In European automobile design, Citroën notably used fender skirts on nearly all models produced between 1950 and 1990, most prominently in the DS, 2CV, Ami, GS, SM, BX, and CX.

==Applications==

While their widespread use on mainstream passenger cars declined significantly after the 1970s, fender skirts have periodically reappeared on vehicles prioritizing aerodynamic efficiency or unique styling.

The General Motors EV1 electric car, designed with a strong emphasis on fuel economy, prominently featured rear fender skirts. The first-generation Honda Insight (released in 1999) and the Honda Clarity (2016 model) also incorporated fender skirts to minimize drag and maximize efficiency. The limited-production Volkswagen XL1 (2013), an ultra-efficient plug-in hybrid, also utilized them for aerodynamic benefits.

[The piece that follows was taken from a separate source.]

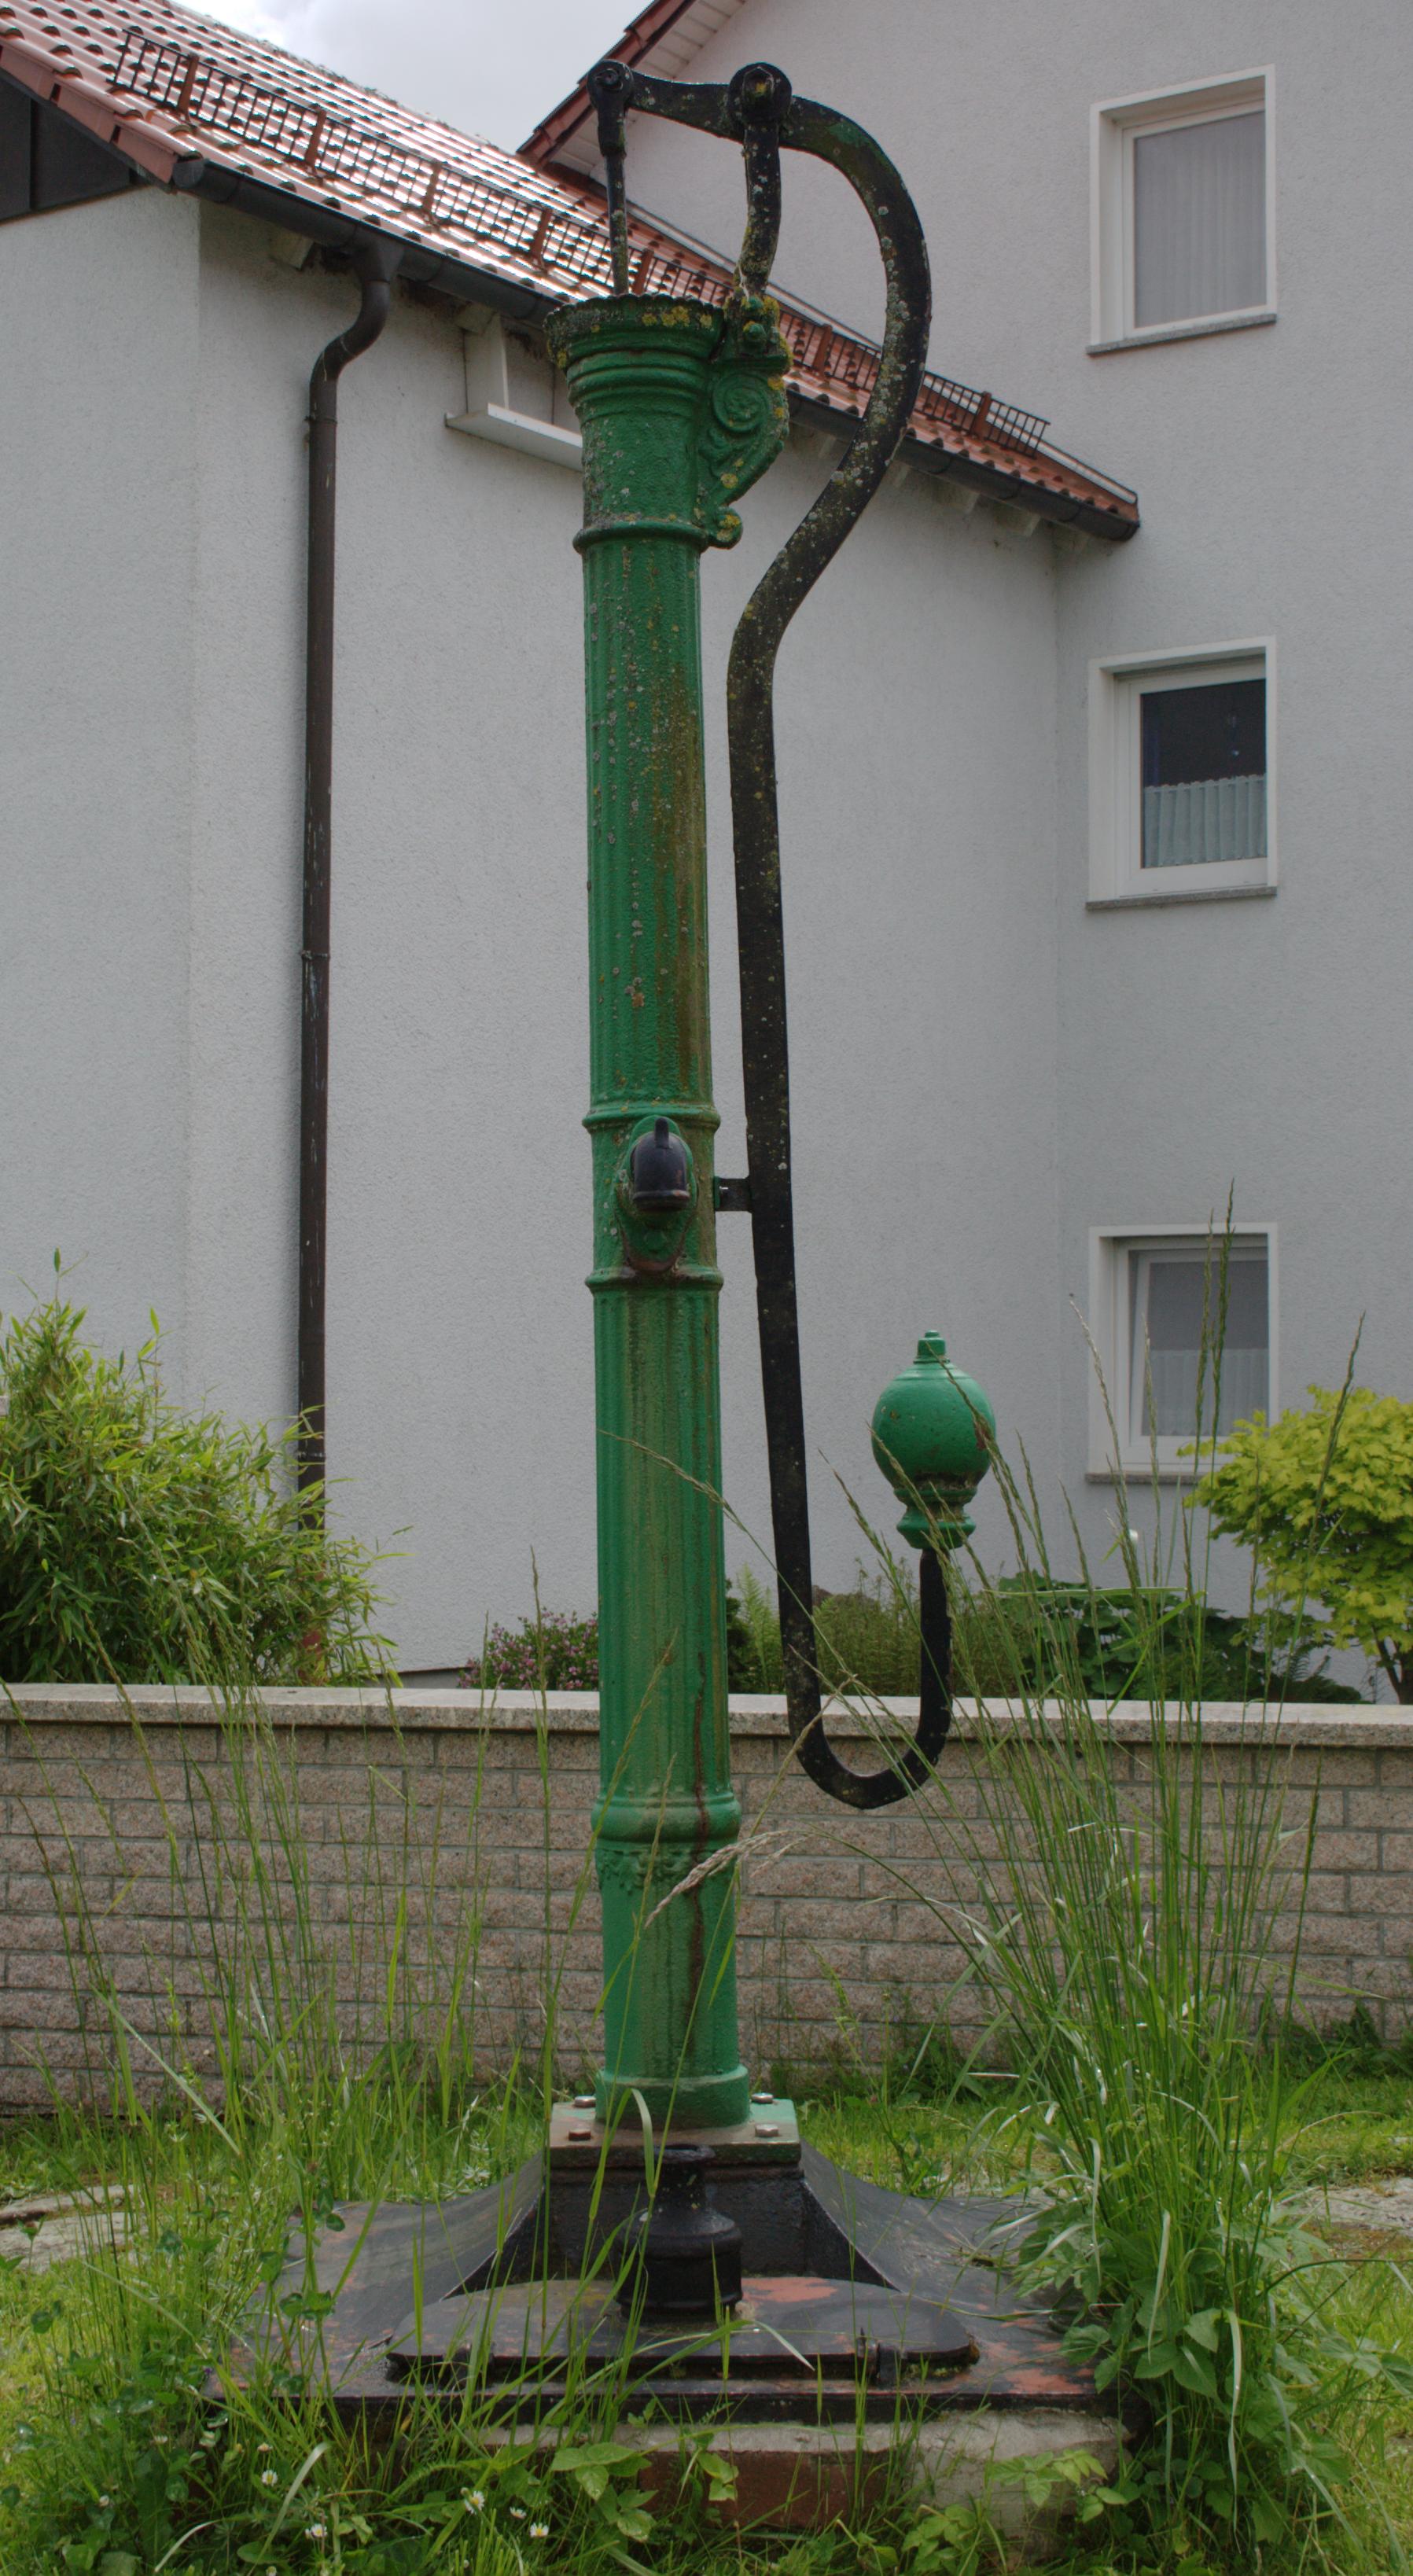 file:muecke ilsdorf darmstaedter strasse brunnen pumpe

In the world of Kustoms (customized automobiles), fender skirts remain a popular accessory. They are used to create a "chopped" or "slammed" look, contributing to a sleek and often vintage aesthetic by visually lowering the vehicle and enclosing the rear wheels.

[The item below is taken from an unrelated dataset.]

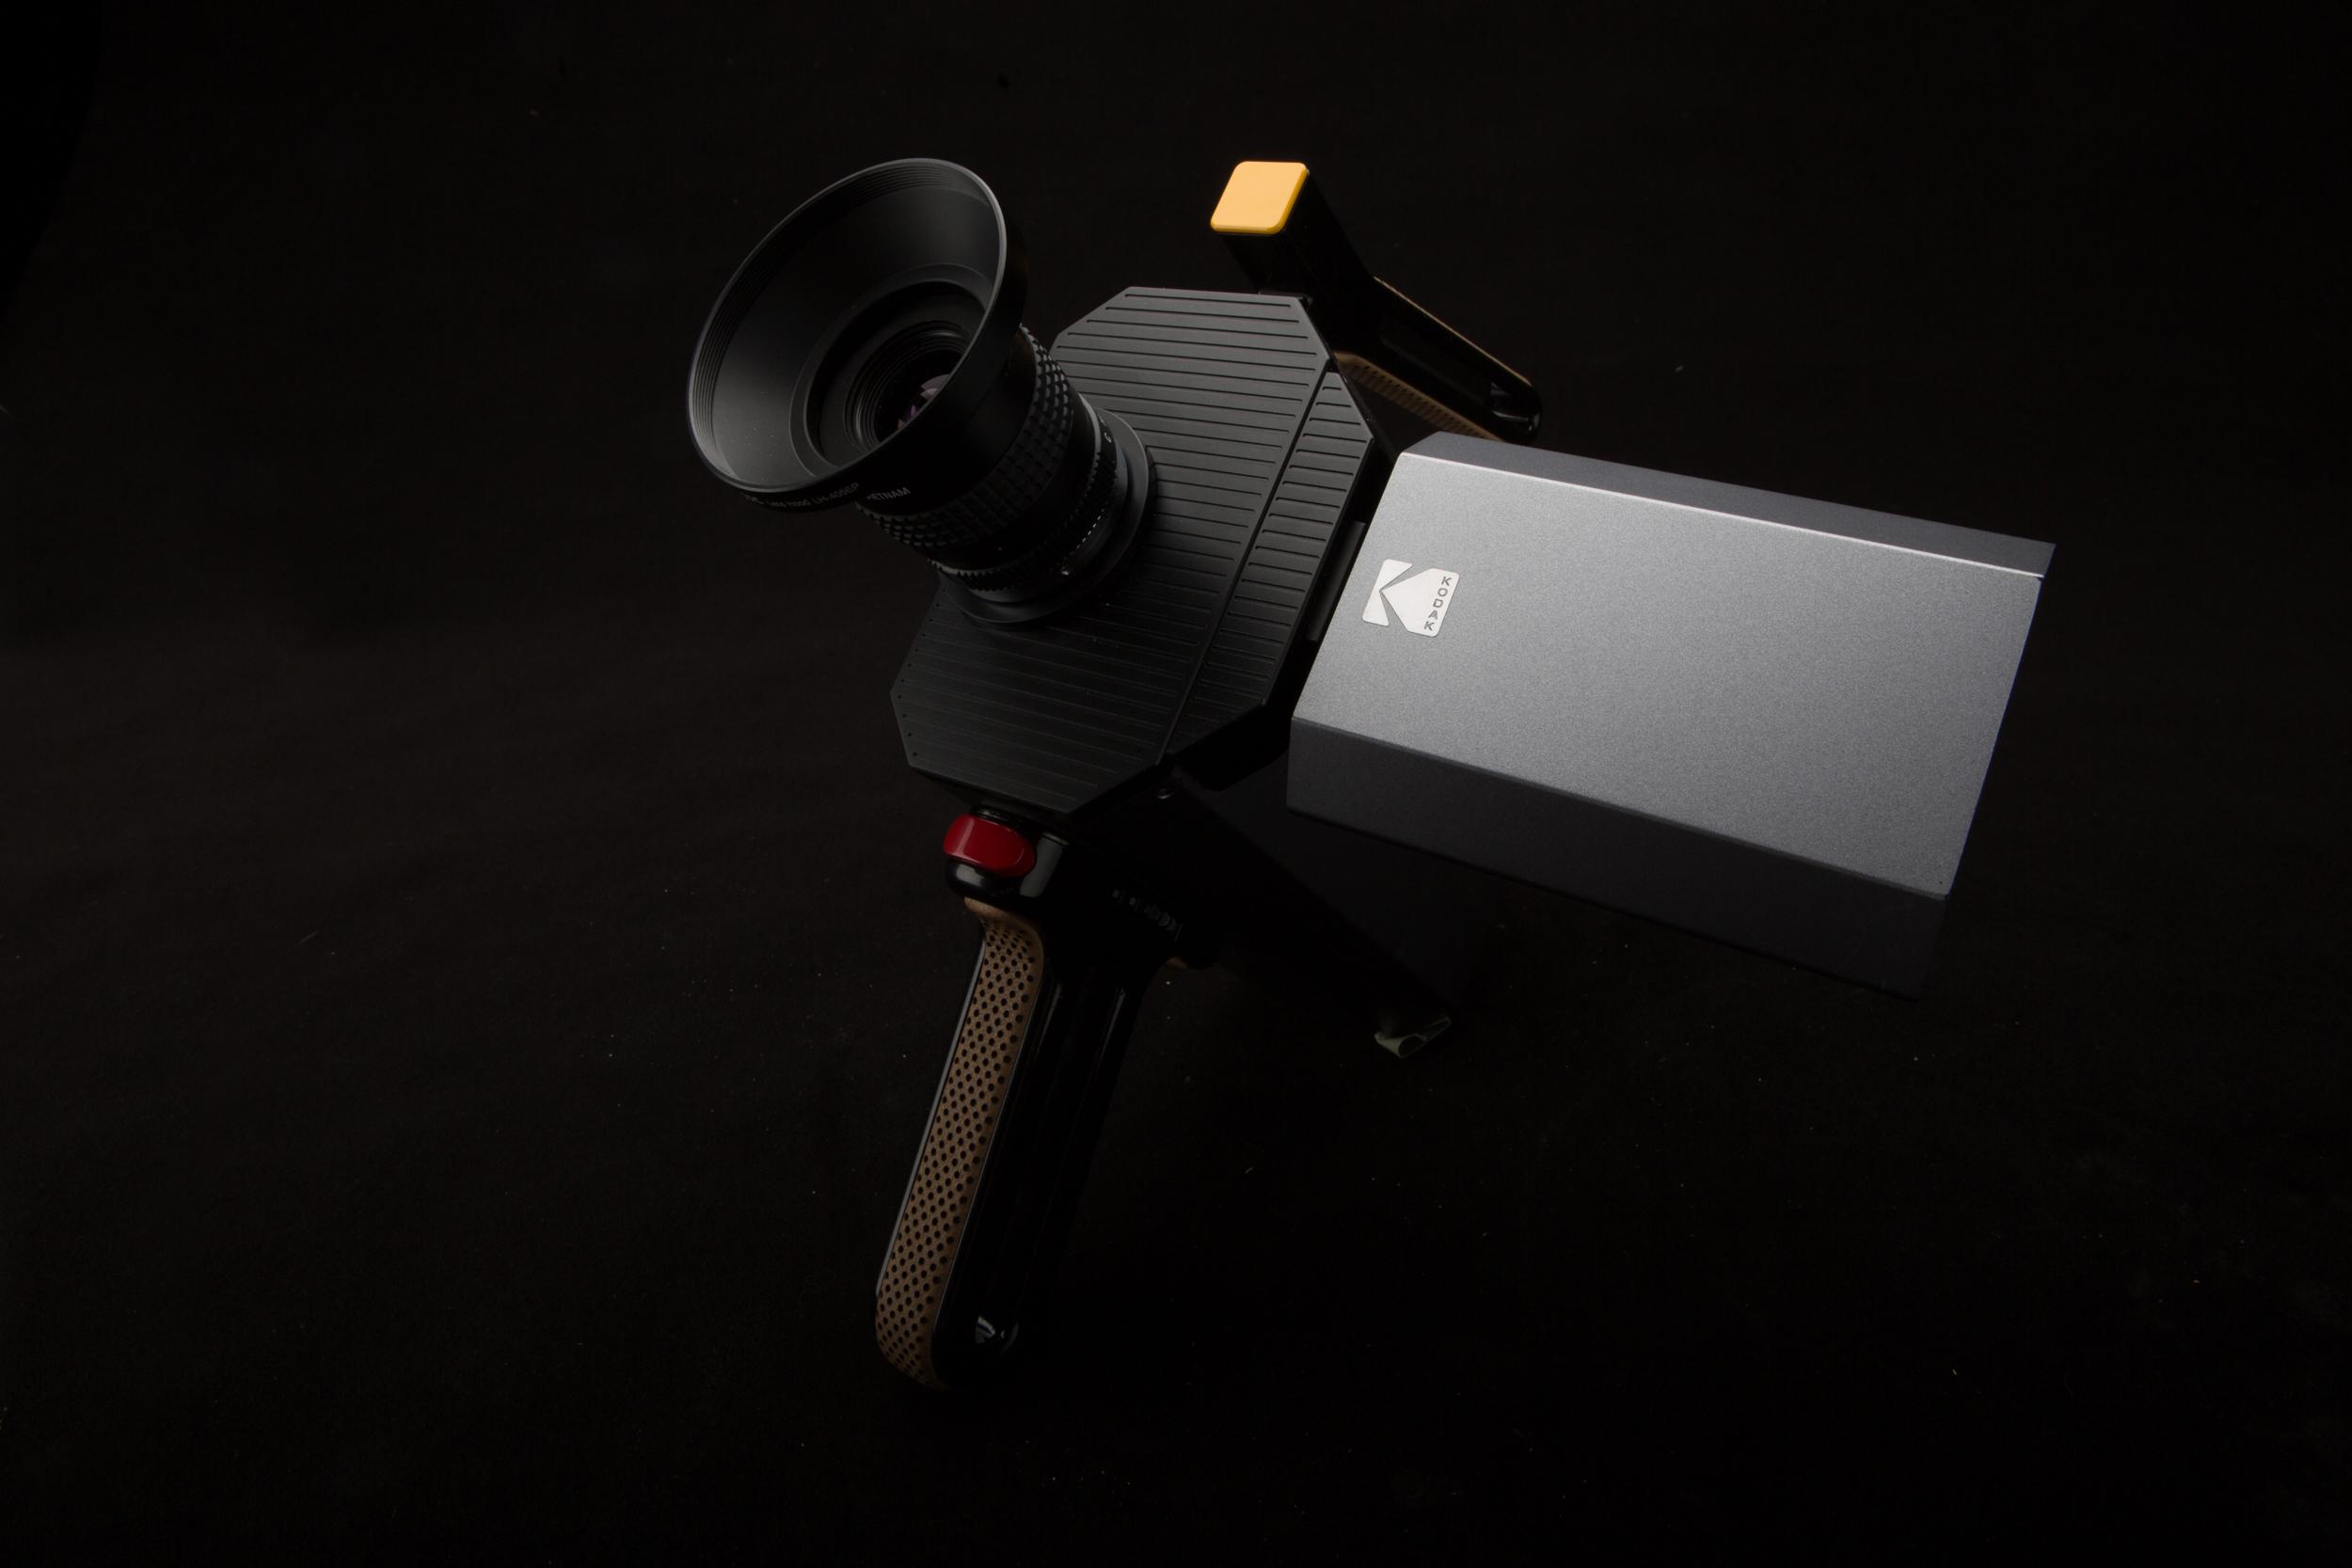 Kodak super 8 movie camera

Fender skirts are available as aftermarket accessories for some modern cars, such as the Chrysler PT Cruiser and Volkswagen Beetle, allowing owners to personalize their vehicles with a retro touch. However, their aesthetic contribution to modern car designs is sometimes debated, with critics suggesting they can appear "tacky, strange, outlandish, or just plain ugly" on contemporary vehicles.

Despite their potential for drag reduction, General Motors identified several practical challenges with widespread fender skirt implementation in their research:
- Achieving a precise and aesthetically pleasing fit between the tires and the body without excessively narrowing the wheel track or pulling out the body panels can be difficult.
- Removable skirts add complexity and cost to manufacturing due to their attachment mechanisms.
- Reduced airflow around the wheels can lead to higher tire temperatures and pressures, potentially affecting tire performance and longevity.